The choreography is ungainly, but the vocal pyrotechnics make the soul sing

Wednesday, Dec 7 2005
The theater has long been compared to organized religion; both the stage and the pulpit offer divine intervention in their own contrasting ways. But the Lorraine Hansberry Theatre's perennial holiday production literally turns the auditorium into a church. Based on poet/playwright Langston Hughes' 1961 "gospel song play" of the same title, Black Nativity mixes text from the Bible, snippets of Hughes' verse, and gospel hymns to recount the story of Jesus Christ's birth as told by members of a jubilant congregation.

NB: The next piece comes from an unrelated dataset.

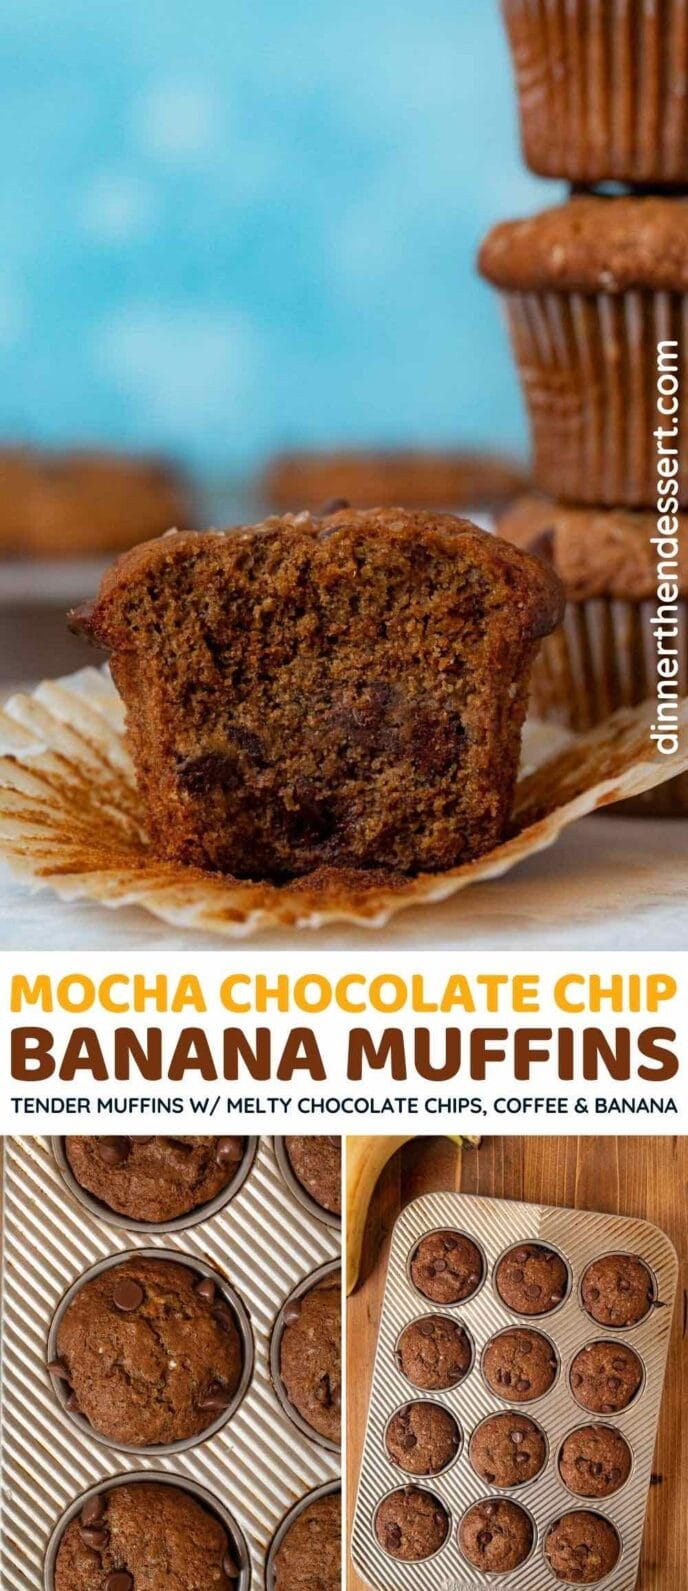 Mocha Chocolate Chip Banana Muffins collage

The production's formidable choir and soloists sing gospel standards such as "Go Tell It on the Mountain" and "Joy to the World" and newer songs (by, among others, principal artist and musical director Robin Hodge-Williams) with the sort of ecstatic fervor that makes even the most belligerent nonbelievers want to leap out of their seats and make a joyful noise unto the Lord. The show's choreography is a bit ungainly: Watching Mary go through 10 minutes of birth pangs in the middle of a particularly emotional hymn, for instance, is nothing short of embarrassing. Yet the vocal pyrotechnics -- particularly from blues diva Faye Carol and the angelic Merkell L. Williams -- make the soul sing. Still, you could probably enjoy a similar experience (without the annoying choreography) at Glide Memorial on any given Sunday for free.